INFORMATION SUPPLIED:
----

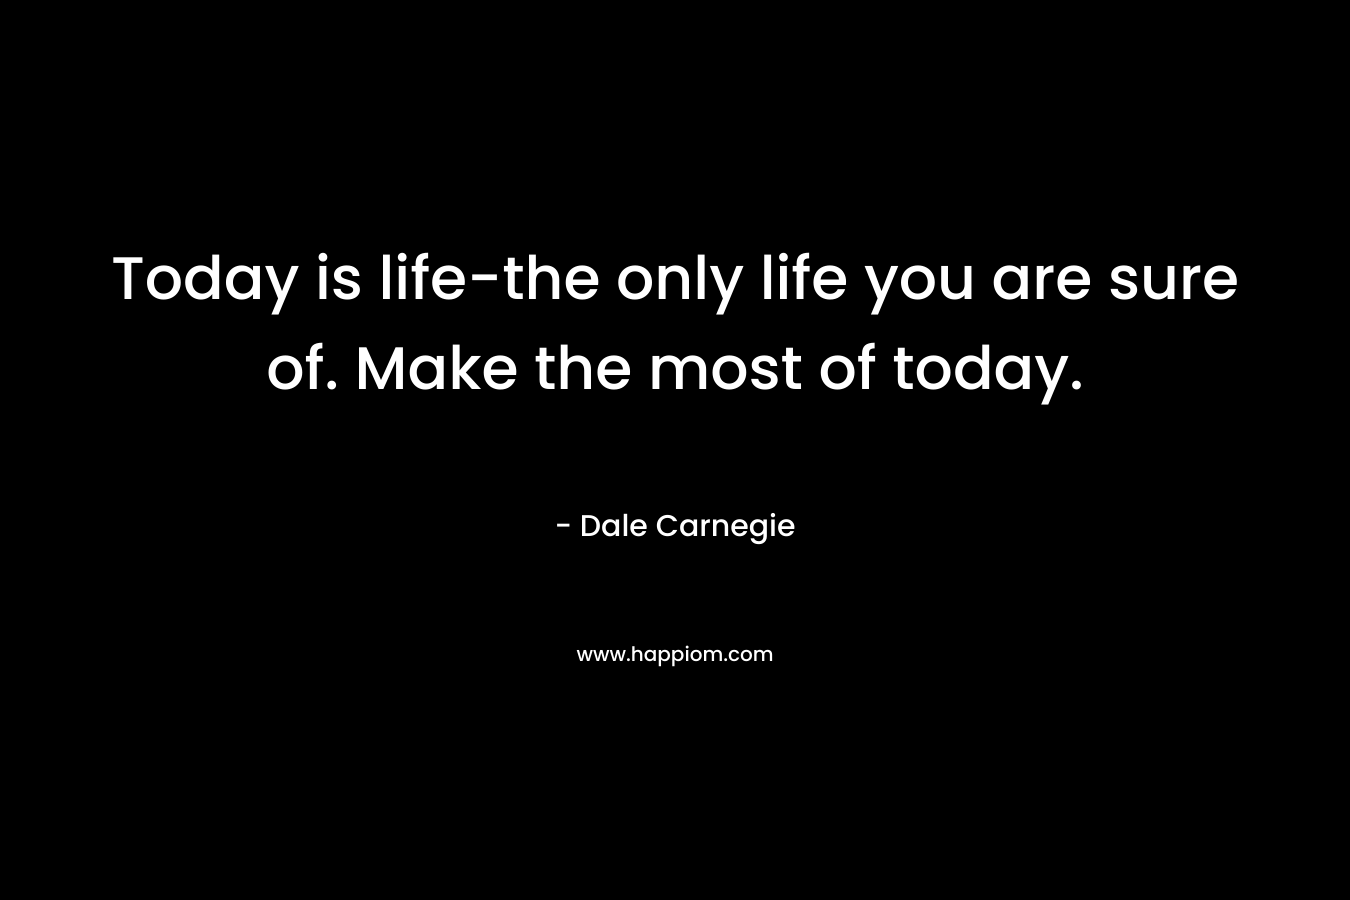 Today is life-the only life you are sure of. Make the most of today. – Dale Carnegie
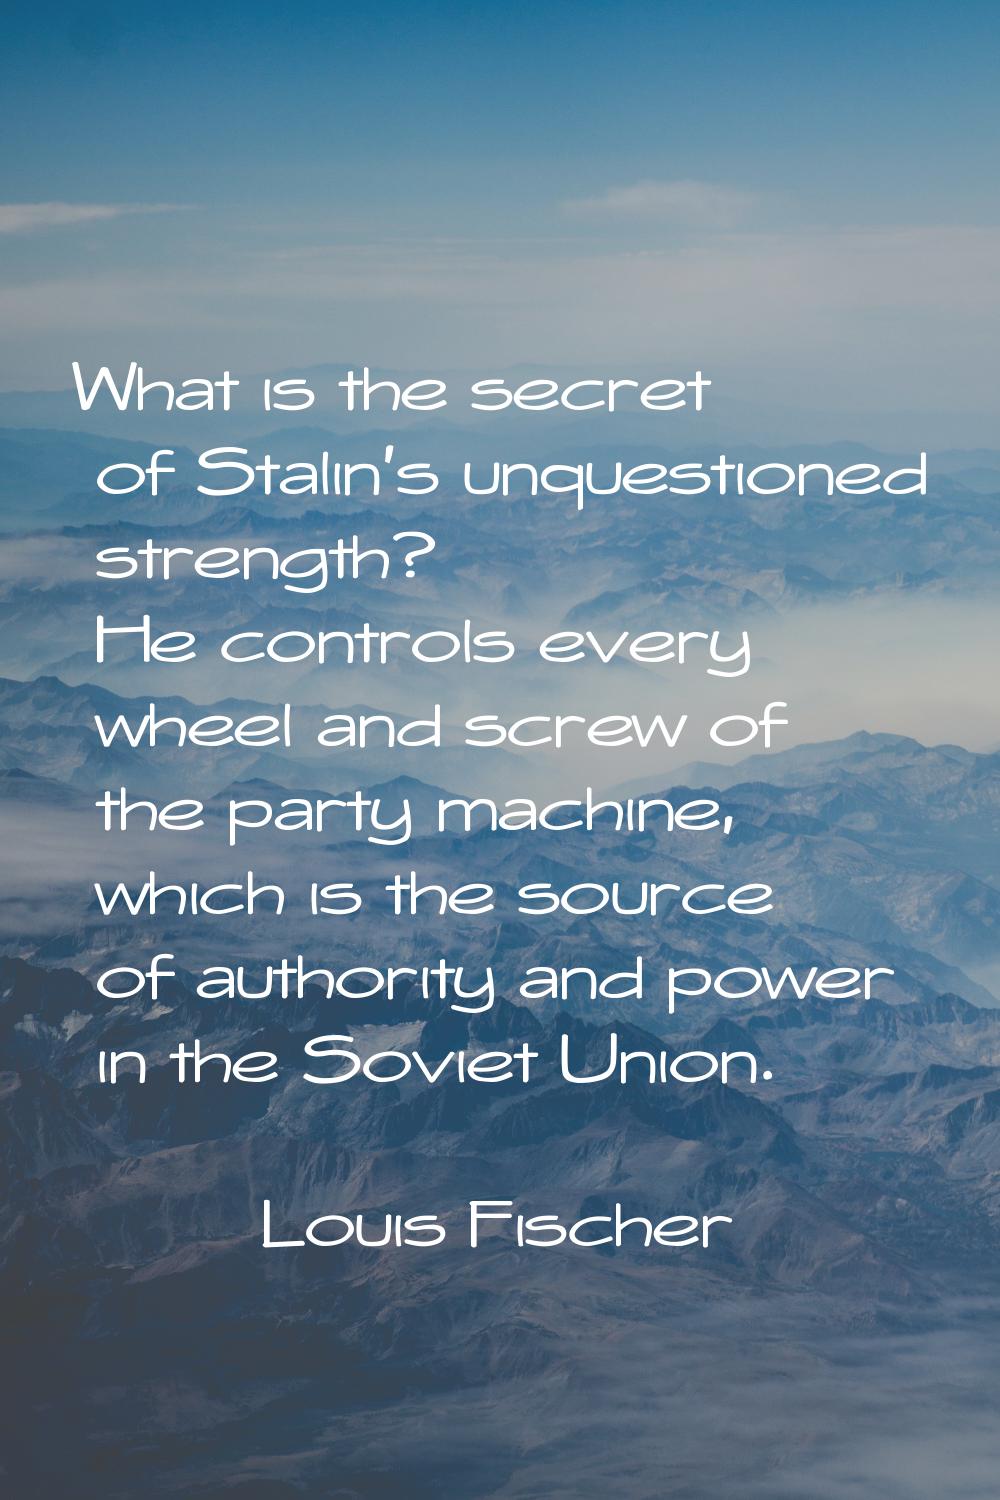 What is the secret of Stalin's unquestioned strength? He controls every wheel and screw of the part
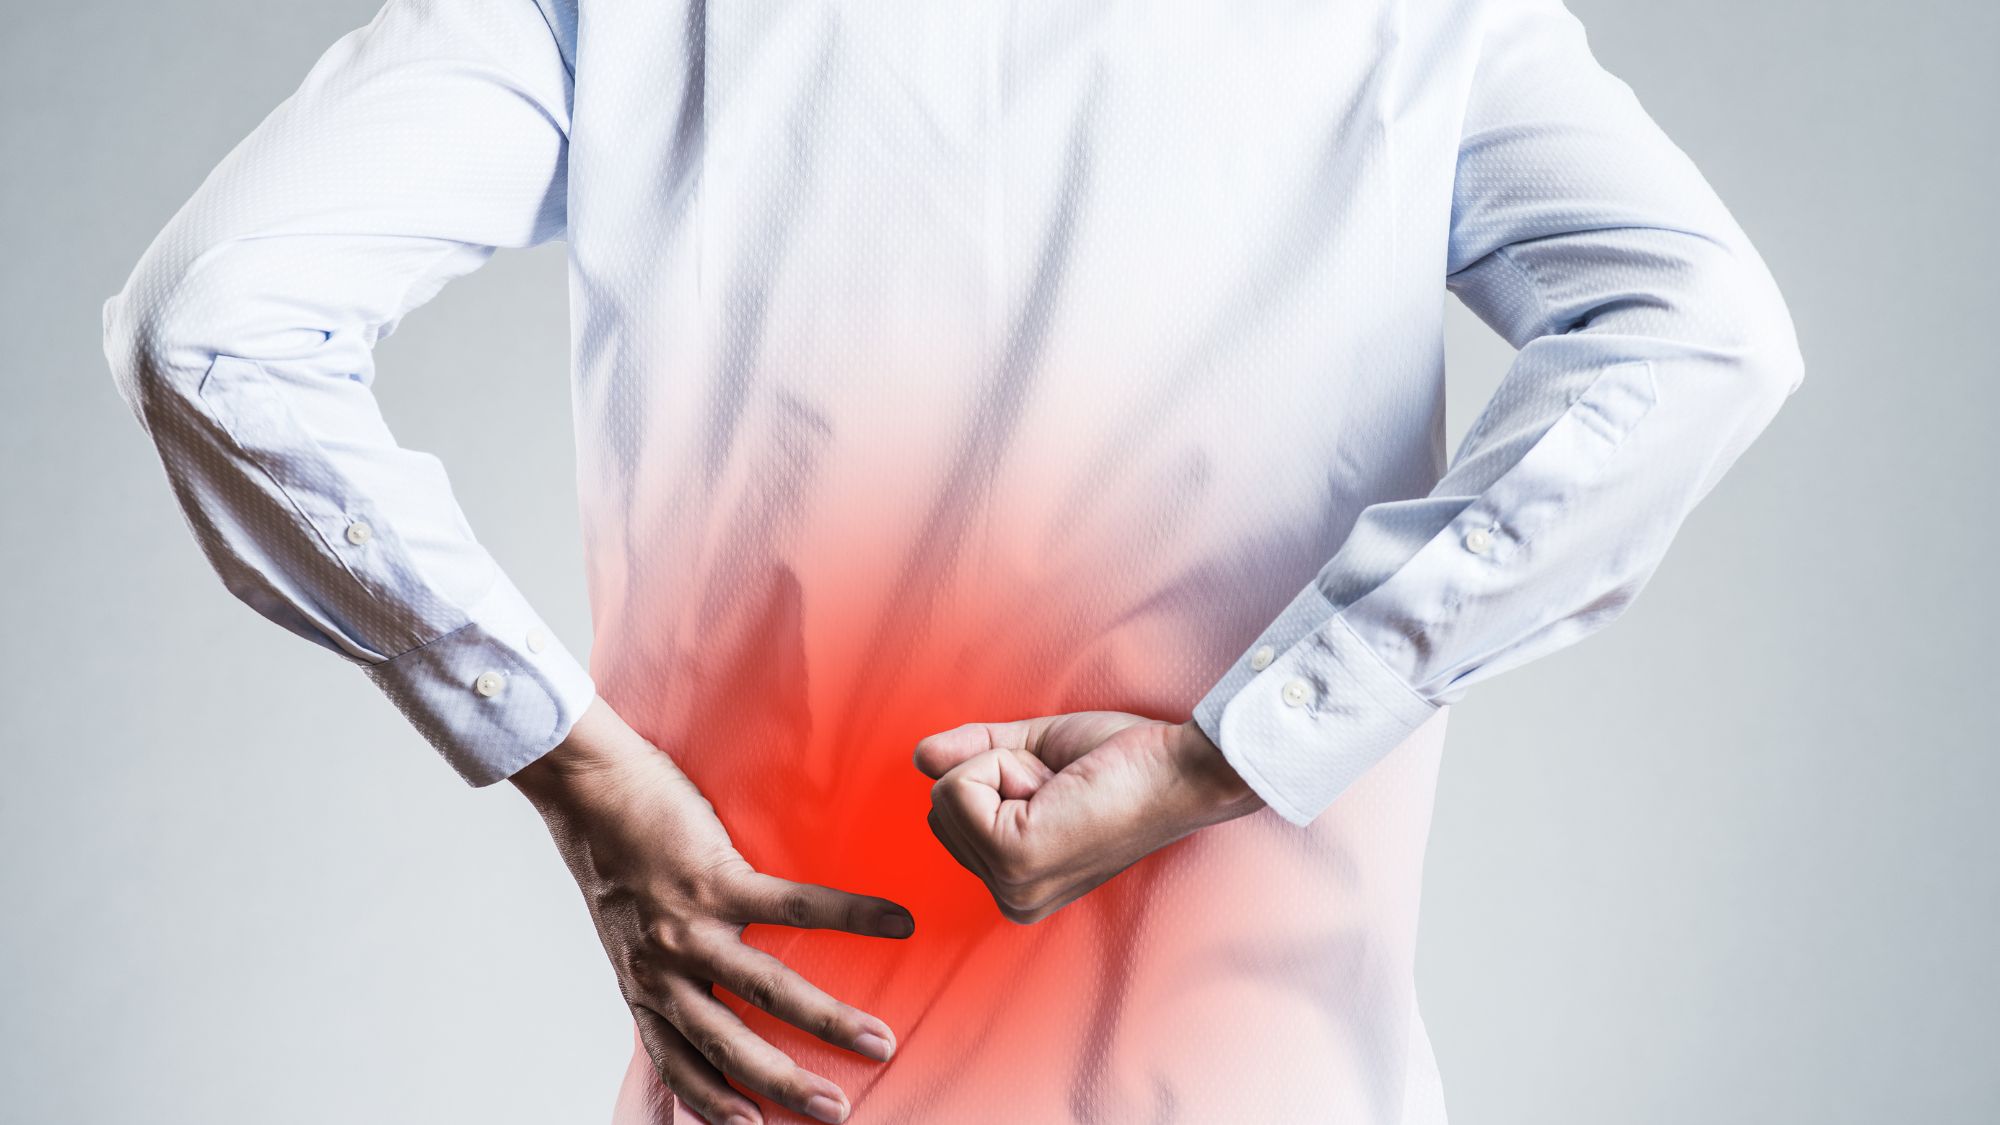 Image of a man in a white shirt with low back pain indicated in red.
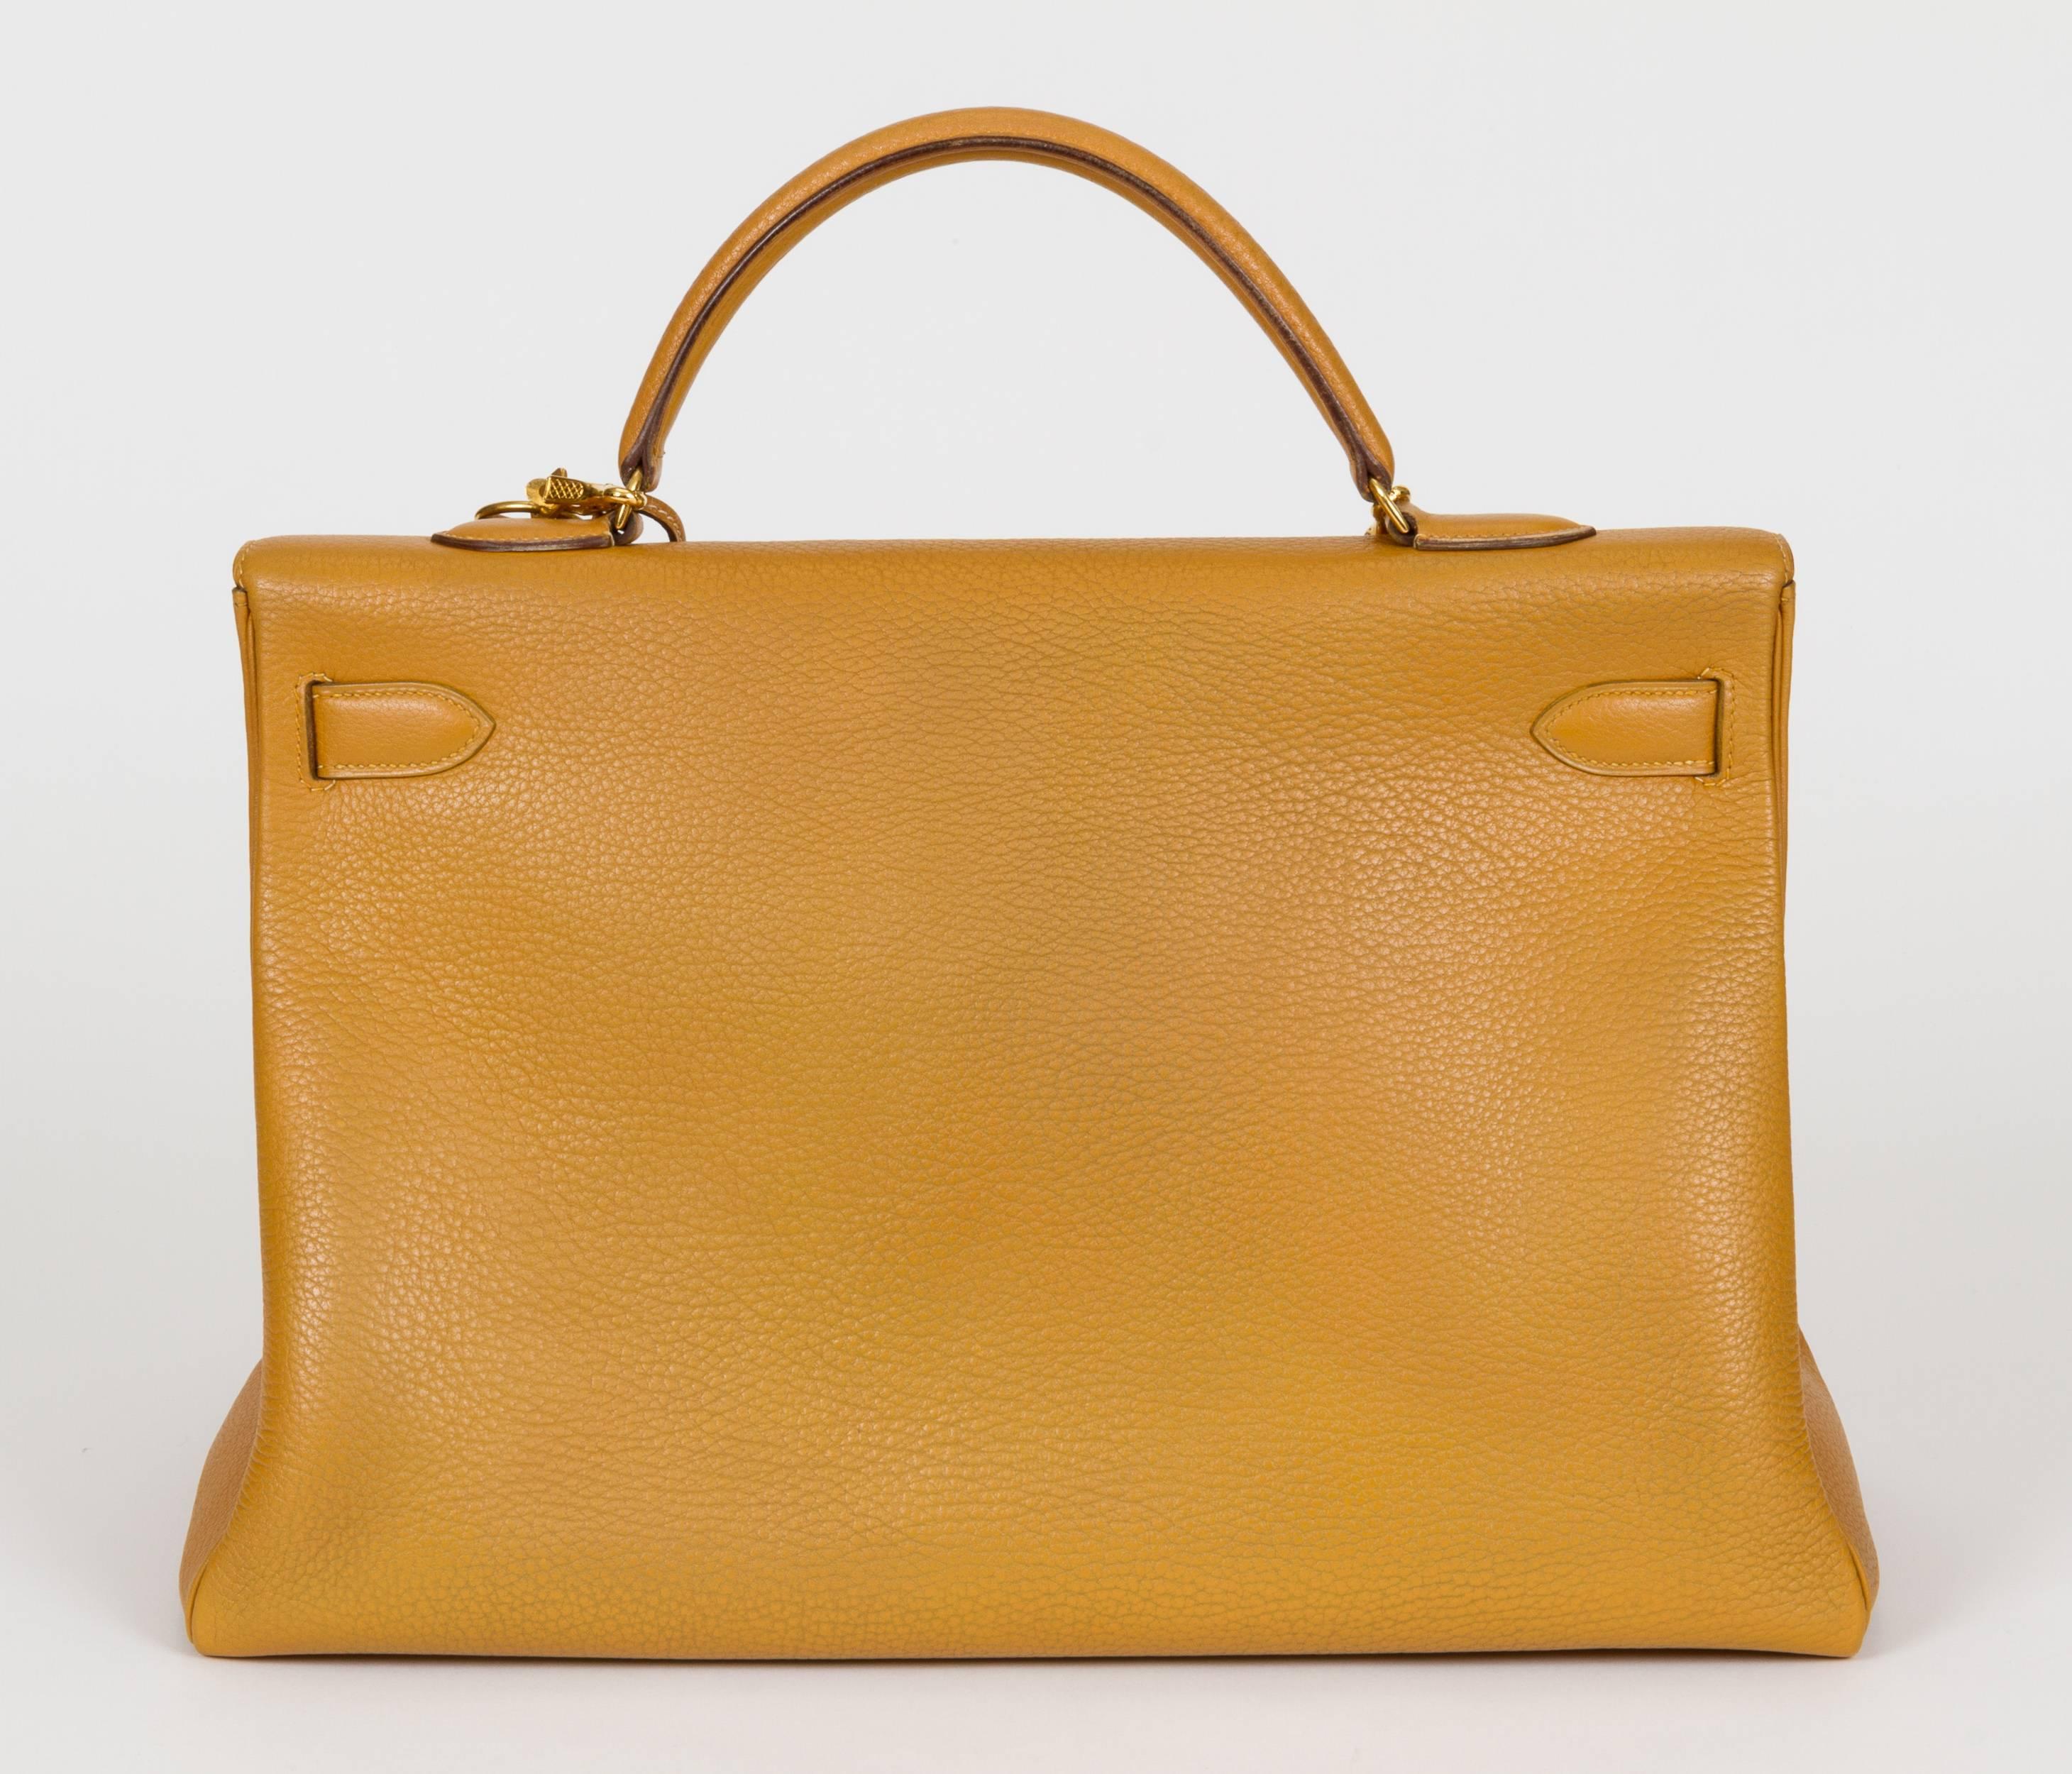 1990's Hermès kelly 40 cm in ardenne natural leather and goldtone hardware. Comes with original dust bag. Handle drop, 4

----

WHAT YOU ARE ASKED TO DO:
Every line from the one containing "What is the" through the last line of the data is to be retyped exactly, with nothing added and no pictures included.

SOLUTION FOR THIS TASK:
 What is the secret of Stalin's unquestioned strength? He controls every wheel and screw of the part
 Image of a man in a white shirt with low back pain indicated in red.
 1990's Hermès kelly 40 cm in ardenne natural leather and goldtone hardware. Comes with original dust bag. Handle drop, 4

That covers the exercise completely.